Statistical analysis

Data are expressed as means ± SD or SE. Differences between groups were assessed by the χ²-test, Fisher’s exact test or the Mann-Whitney U test. A P value < 0.05 was considered statistically significant. Data analyses were performed using StatView (version 5.0; SAS Institute Inc., Cary, NC).

Results

TCF-4C and D isoforms exhibit differential expression in human HCC tissues

We examined expression levels that may reflect an exon 4-dependent regulation in human HCC. The relative mRNA levels of TCF-4C and D in 27 pairs of tumors and corresponding adjacent uninvolved liver tissue were measured by semi-quantitative RT-PCR with normalization to GAPDH, as previously described (7). Comparisons were also made to three normal liver specimens. As shown in Fig. 1B, TCF-4C expression was significantly upregulated in HCC compared to peritumor tissue and normal liver. Interestingly, no expression of TCF-4C was found in normal liver and only 7% (2 of 27) of peritumor expressed TCF-4C mRNA compared to tumor tissue (18 of 27). In contrast, the expression level of TCF-4D was not significantly different among normal, peritumor, and tumor tissue (Fig. 1C). These results were verified by analyses with normalization to other housekeeping genes including 18S rRNA and RPS9 (Fig. S1). These observations suggest that TCF-4C and D isoforms expression are modulated during HCC development due to alternative splicing of exon 4, so that TCF-4C may be more associated with generation of a HCC malignant phenotype.

TCF-4C expressing clones increase Wnt/β-catenin signaling activation

To develop a better understanding of the role of exon 4 in promoting a malignant phenotype in vitro, we established stable clones expressing TCF-4C or D isoform by transfection into OUMS-29, immortalized human fetal hepatocyte cell line (TCF-4C; OU-C13, OU-C22, and TCF-4D; OU-D13, OU-D21 clones respectively) or HAK-1A which is a well differentiated HCC cell line (TCF-4C; 1A-C12, 1A-C14 and TCF-4D; 1A-D8, 1A-D9 clones respectively) followed by selection with G418. Empty vector (EV) plasmid-transfected clones were also generated as controls (OU-EV4, 1A-EV2).
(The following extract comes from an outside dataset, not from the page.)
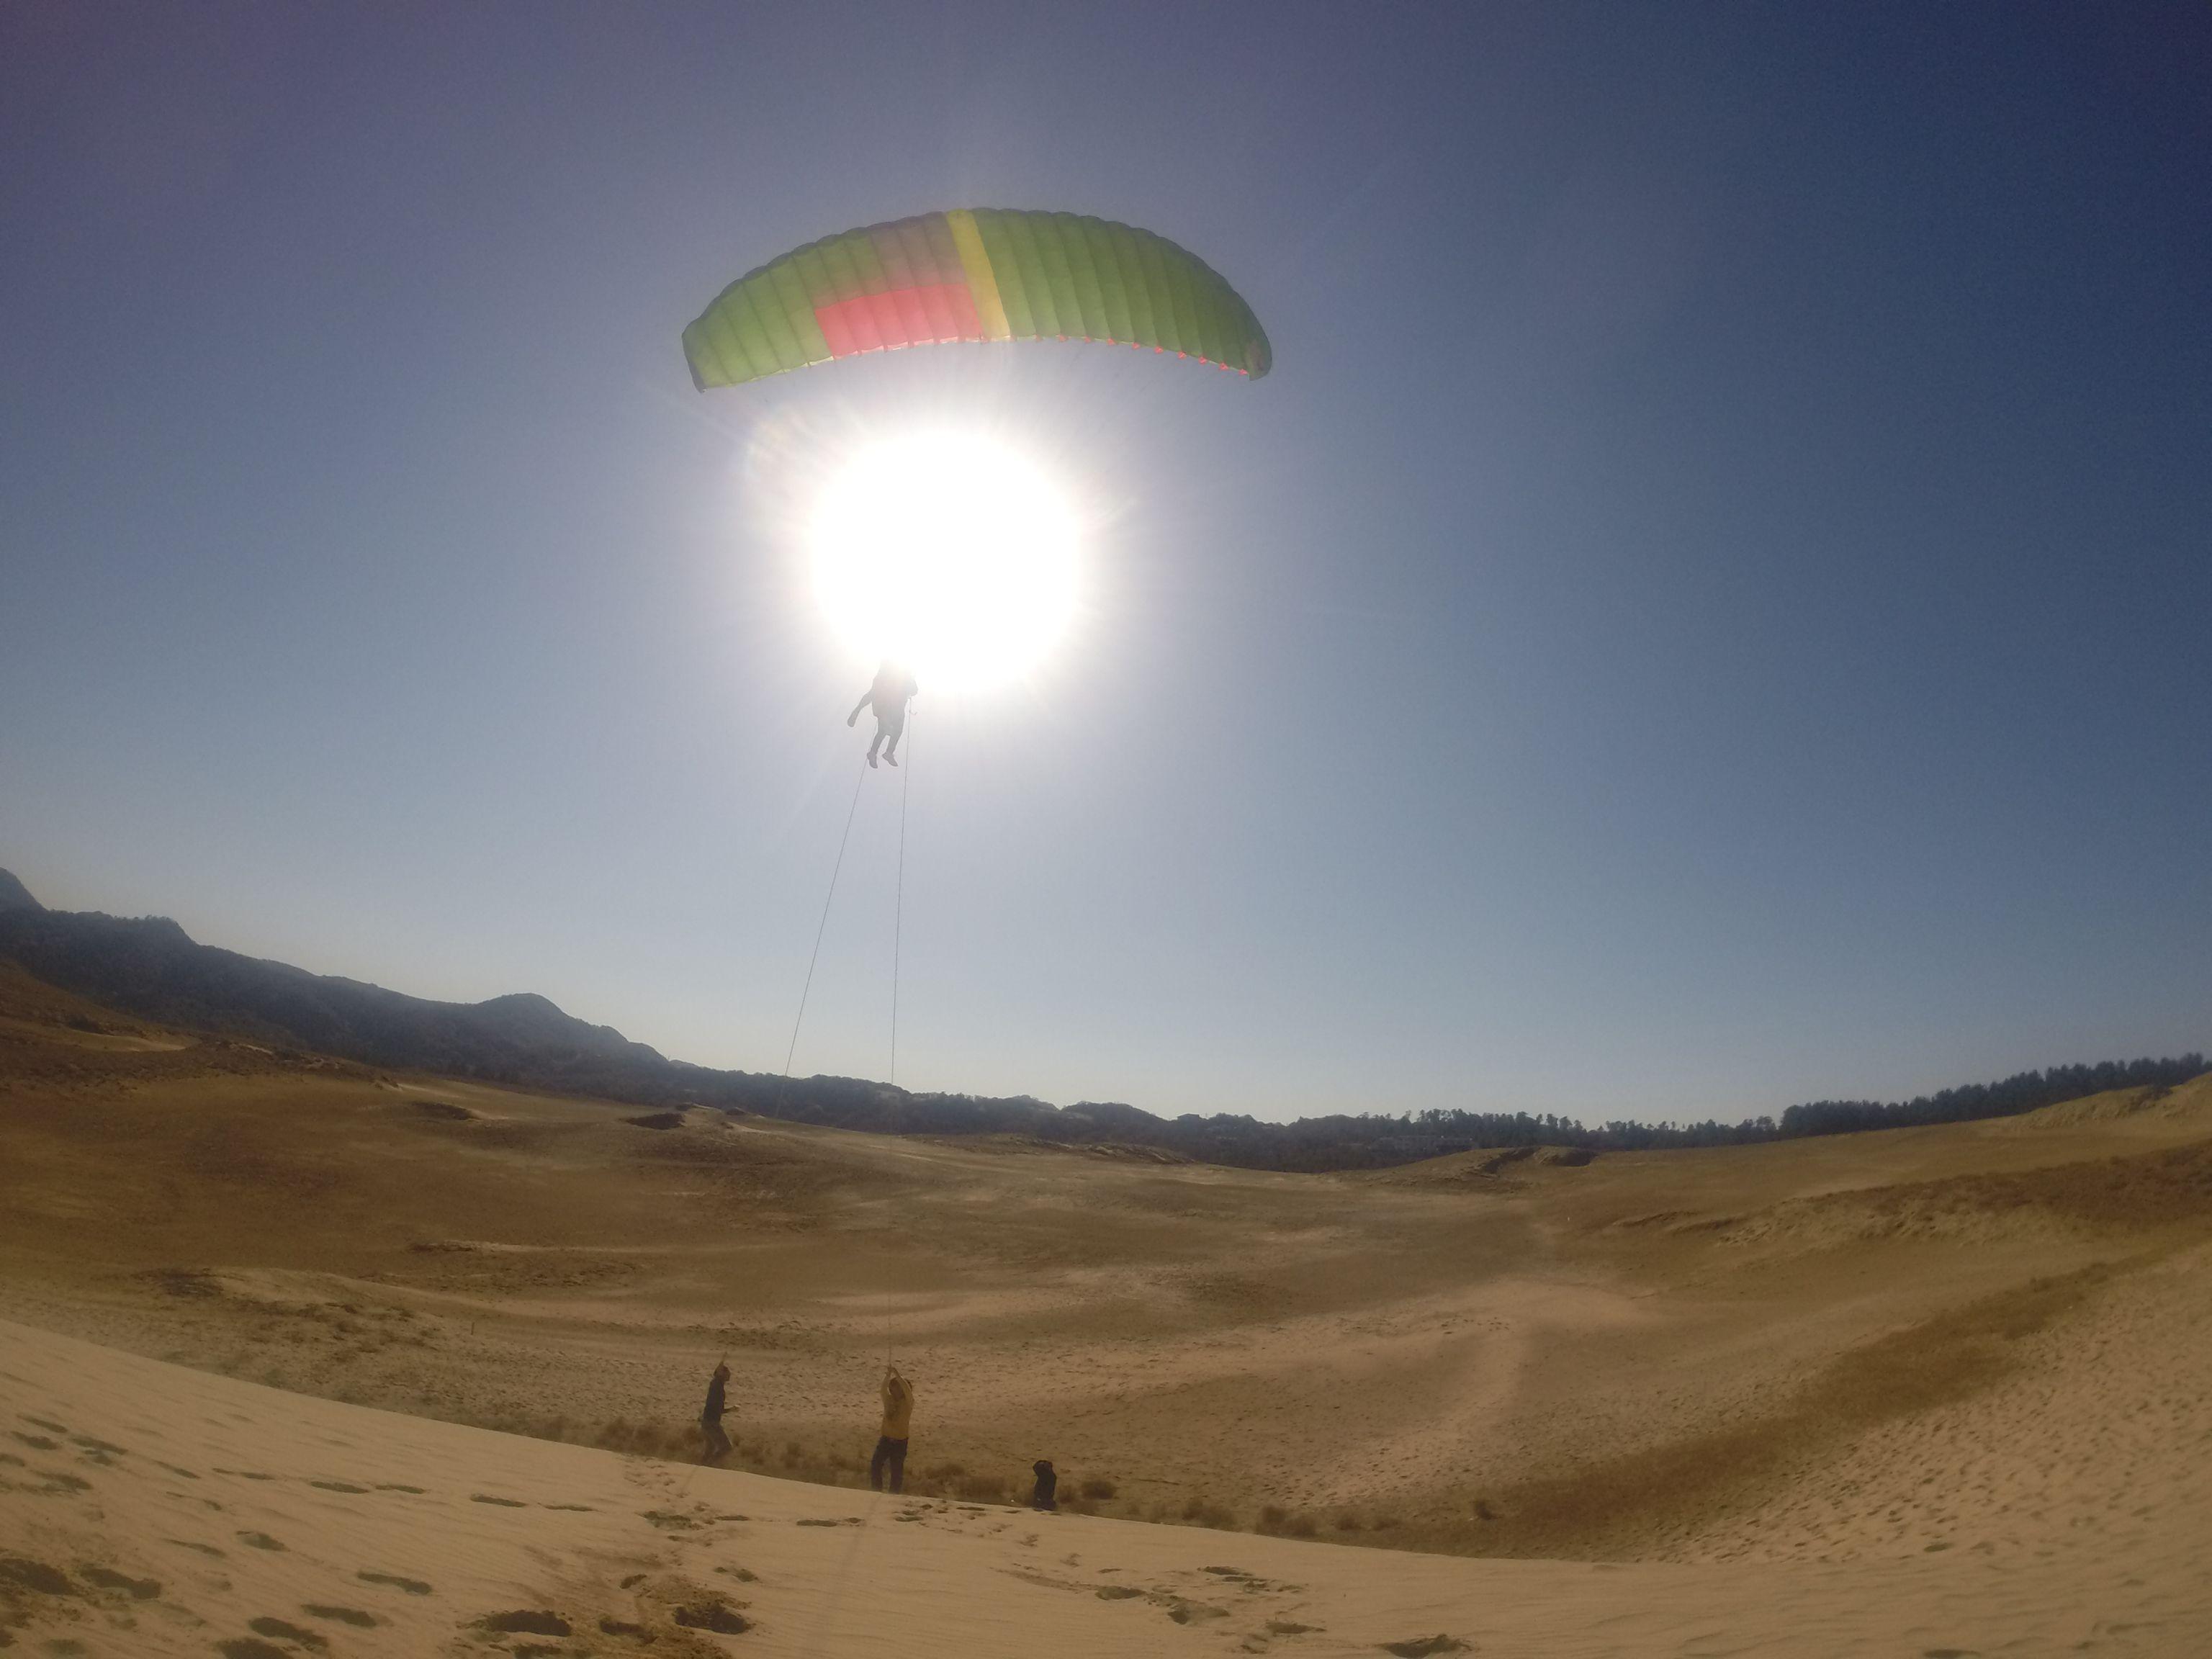 ぐーんと高くなって、雄大な砂丘を空から一望

To exclude individual clonal artifacts, two different stable clones of each TCF-4 isoform were used for analyses. Protein expression of each TCF-4 isoform was confirmed by Western blot analysis using anti-Myc-tag antibody (Fig. 2A). Whole cell lysates obtained from transient transfection of TCF-4C and D plasmid constructs were used as positive controls, which corresponded to previous reports (7). The subcellular localization of TCF-4 isoforms in HAK-1A clones was further examined by immunofluorescence and observed to be predominantly expressed in the nucleus (Fig. S2).
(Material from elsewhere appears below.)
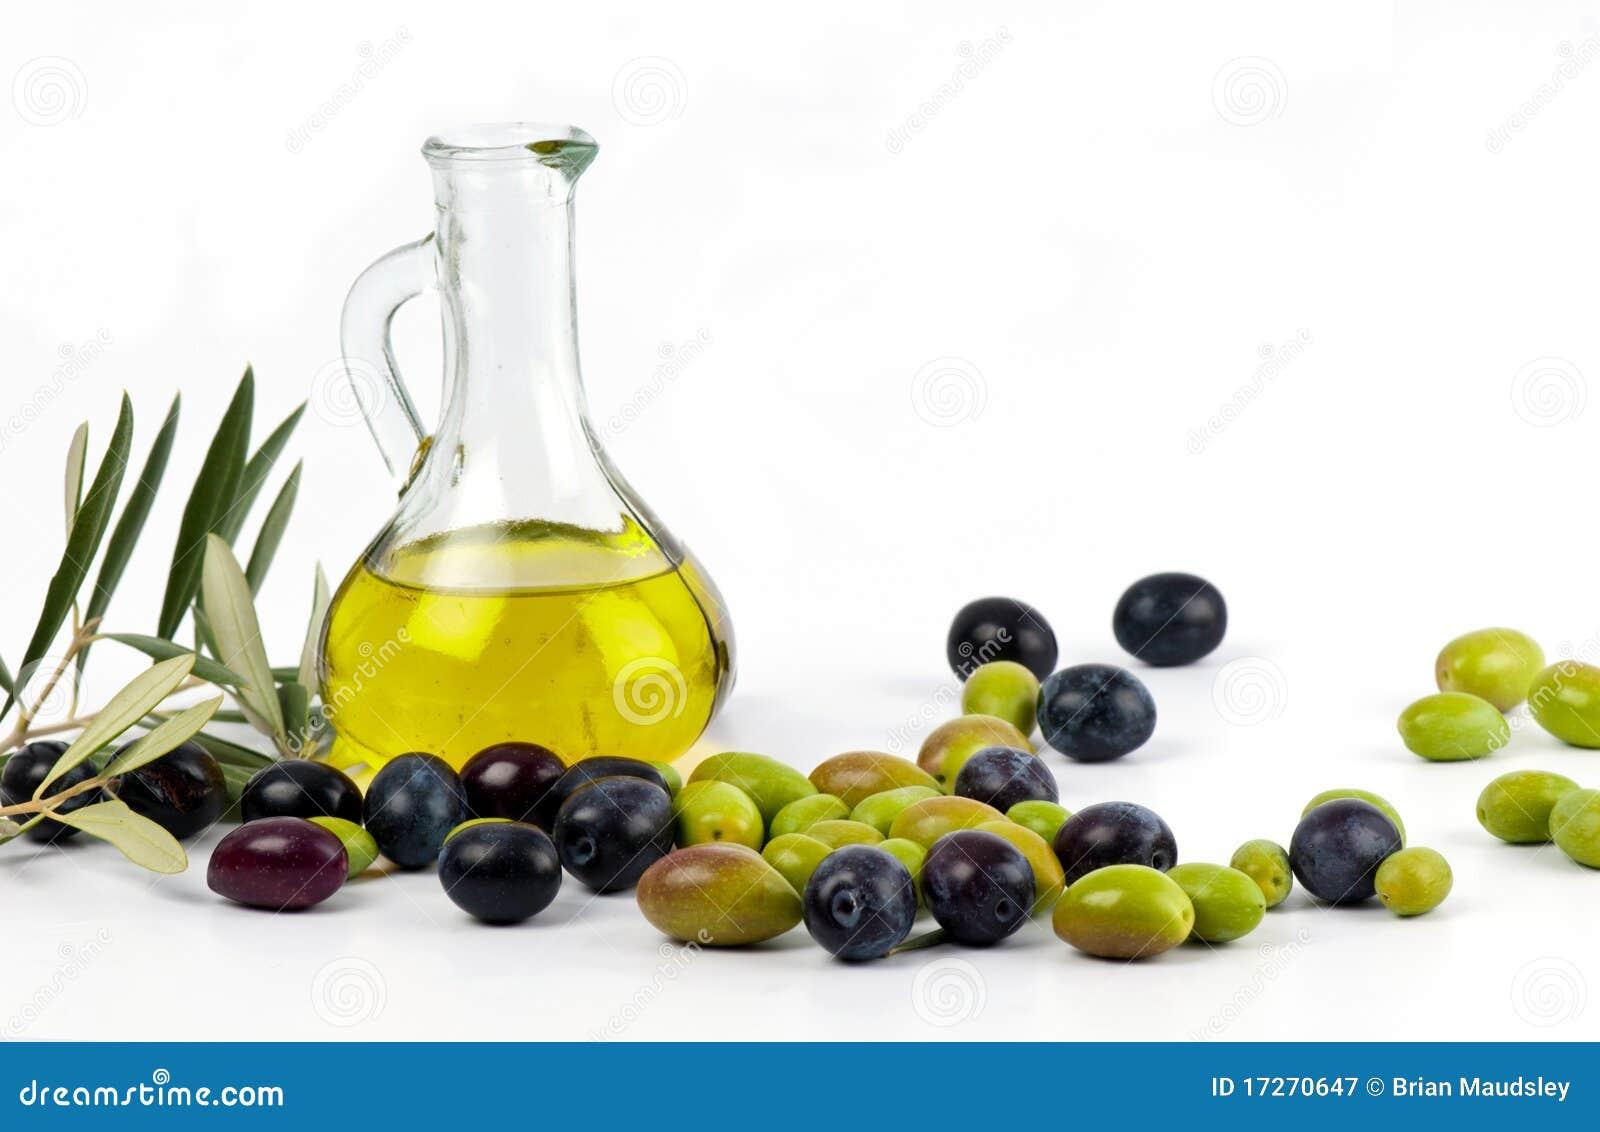 Aceite de oliva virginal adicional con las aceitunas frescas.

Fig. 2 — (A) Protein expression of TCF-4C and D isoforms in stable clones derived from OUMS-29 and HAK-1A parental cell lines. Expression was confirmed by Western blot analysis using antibodies against Myc-tag and actin. Transiently transfected cell lysates were used as positive controls for TCF-4C and TCF-4D. (B) TCF transcriptional activity in stable clones overexpressing TCF-4C and D isoforms. The transcriptional activity was calculated based on luciferase and β-galactosidase activity. The dotted lines represent the transcriptional activity level of EV control. The results are expressed as mean ± SD. *, P < 0.05 and #, P < 0.05 compared to EV and TCF-4D clones, respectively. (C) Expression levels of Wnt-responsive target genes including AXIN2, WISP2, SPP1, and CD24 in the stable clones. The expression levels were measured by quantitative real-time PCR and the values were normalized to 18S rRNA. Relative expression depicts the ratio of each gene expression to that of EV control. The dotted lines represent level of EV control. The results are expressed as mean ± SD. *, P < 0.05 and #, P < 0.05 compared to EV and TCF-4D clones, respectively.
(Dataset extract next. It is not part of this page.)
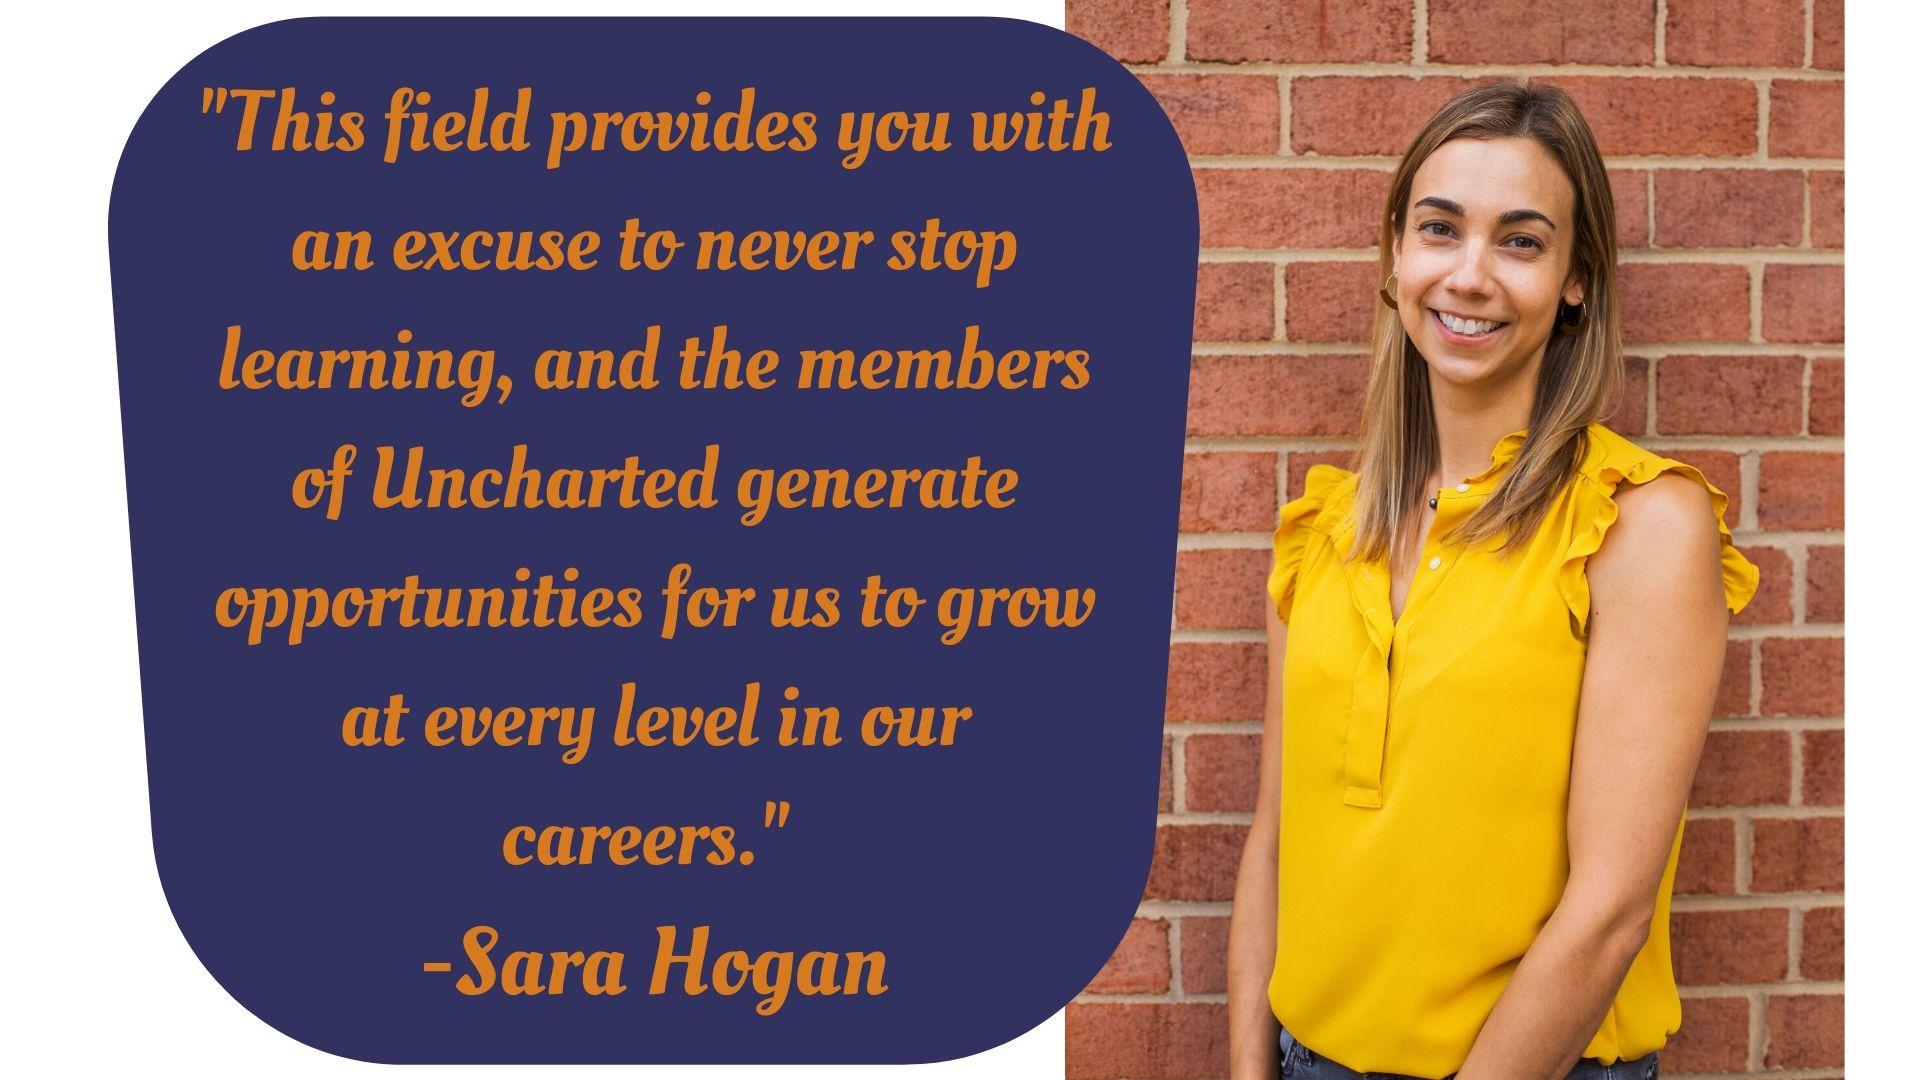 Sara Hogan

Next, to evaluate activation of Wnt/β-catenin signaling pathway induced by constitutive expression of the TCF-4C or D isoform, TCF transcriptional activity was measured by a TOP/FOP reporter assay (Fig. 2B). In this regard, stable clones expressing TCF-4C exhibited significantly higher transcriptional activity than TCF-4D and the EV control, consistent with previous reports (7). Transcriptional activity exhibited by HAK-1A-derived TCF-4D clones was similar to the EV control, which was similar to a previous report using the Huh7 HCC cell line (7). To further confirm activation of Wnt/β-catenin signaling, we performed quantitative real-time PCR to measure expression levels of known Wnt-responsive target genes; AXIN2 (14), WNT1 inducible signaling pathway protein 2 (WISP2) (15), secreted phosphoprotein 1 (SPP1) (16), and CD24 (17) (Fig. 2C). In the stable clones derived from both parental cell lines, AXIN2, WISP2, and SPP1 were significantly upregulated in TCF-4C expressing clones compared to TCF-4D and EV clones. In HAK-1A-derived clones, upregulation of CD24 was evident in TCF-4C compared to TCF-4D and the EV control clones. In general, levels of target genes in TCF-4C and D clones were comparable to the observed difference in magnitude of TCF transcriptional activity. Taken together, these results demonstrate that TCF-4C expressing cells exhibit higher activation of the Wnt/β-catenin signaling cascade compared to TCF-4D clones.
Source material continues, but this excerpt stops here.